More Than 70% of People Don’t Know that HPV Causes Cancer

Dentistry Today


More than 70% of adults in the United States are unaware that human papillomavirus (HPV) causes anal, penile, and oral cancers, according to an analysis led by researchers at the University of Texas Health Science Center at Houston (UTHealth) School of Public Health. Men also are less likely than women to know that the virus carries a risk of cancer.

The study involved 2,564 men and 3,697 women who participated in the Health Information National Trend Survey. Two-thirds of men and one-third of women between the ages of 18 and 26 did not know that HPV causes cervical cancer. More than 80% of men and 75% of women in the same age group and 70% of adults of all ages did not know that HPV can cause oral, anal, and penile cancers. 

HPV is the most commonly sexually transmitted infection. There are many types of HPV, but some are more likely to cause cancers and genital warts. The HPV vaccine can protect against cancers caused by the virus. The analysis also showed that only 19% of men and 31.5% of women who were vaccine-eligible or had vaccine-eligible family members received recommendations for the vaccine from a healthcare provider. 

The Centers for Disease Control and Prevention (CDC) says that boys and girls between the ages of 9 and 14 should receive the two-dose immunization. A three-dose schedule is advised if the first dose was given on or after the fifteenth birthday. The CDC also recommends that adults between the ages of 27 and 45 may get the vaccine after discussion with their clinician and notes that only 51% of those in the recommended age groups are vaccinated. 

“The lack of knowledge may have contributed to low HPV vaccination rates in the United States,” said Ashish A. Deshmukh, PhD, MPH, assistant professor of management, policy, and community health at the UTHealth School of Public Health. 
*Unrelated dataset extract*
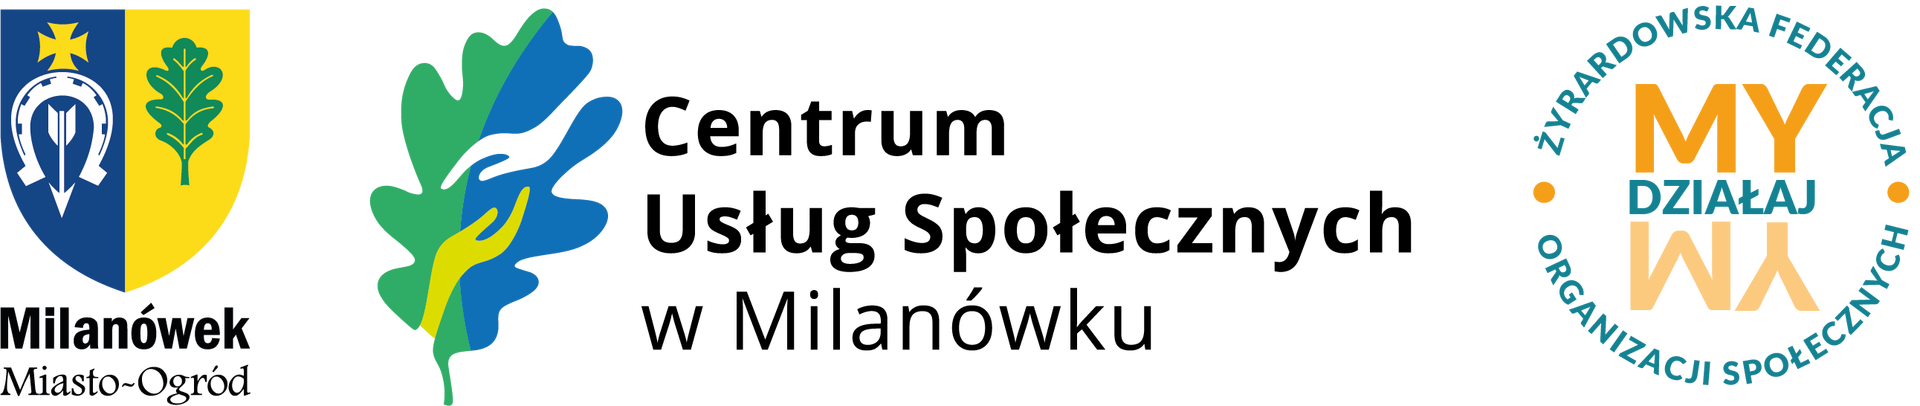 Herb miasta, logo CUS, logo fundacji DziałaMy

“Low levels of HPV knowledge in these older age groups is particularly concerning, given that these individuals are or likely will be parents responsible for making HPV vaccination decisions for their children,” said Kalyani Sonawane, PhD, study coauthor and assistant professor of management, policy, and community health at UTHealth School of Public Health. 
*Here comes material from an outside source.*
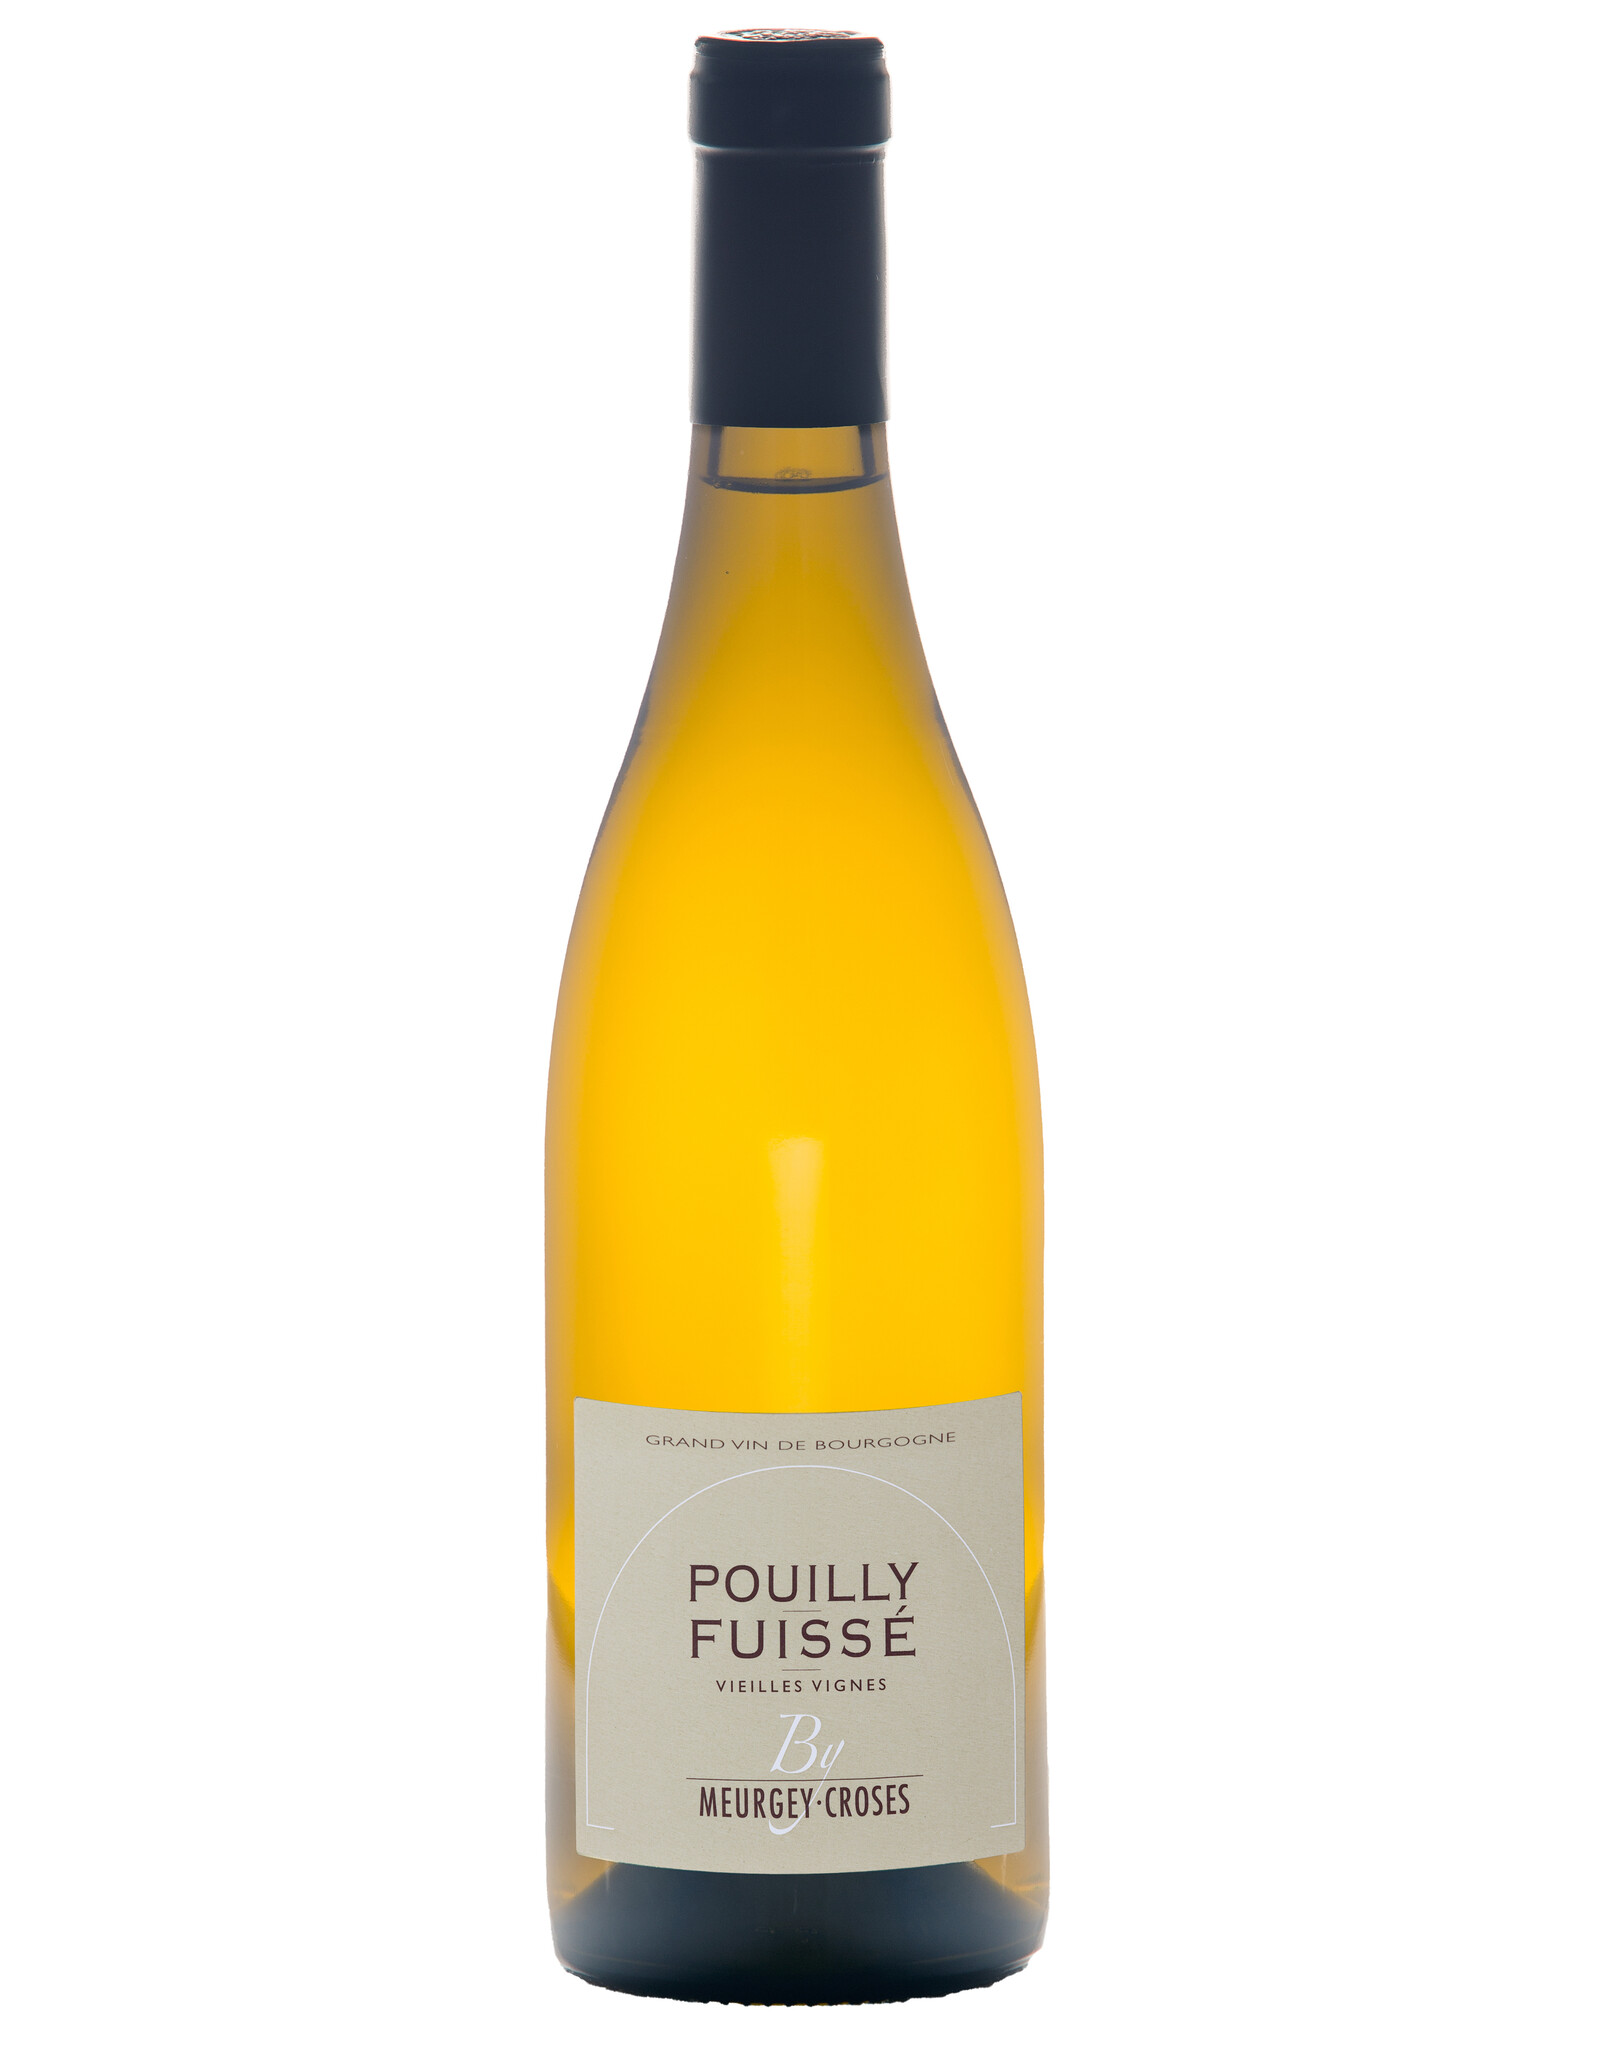 Meurgey-Croses Pouilly Fuisse Vieilles Vignes 2019

“HPV vaccination campaigns have focused heavily on cervical cancer prevention in women. Our findings demonstrate a need to educate both sexes regarding HPV and HPV vaccination,” said Deshmukh. “Rates of cervical cancer have decline in the last 15 to 20 years because of screening. On the other hand, there was a greater than 200% increase in oropharyngeal cancer rates in men and a nearly 150% rise in anal cancer rates in women.” 

Improving HPV vaccination rates is important to reverse rising rates of these cancers, Deshmukh said. 

The study, “Public Knowledge of Human Papillomavirus and Receipt of Vaccination Recommendations,” was published by JAMA Pediatrics.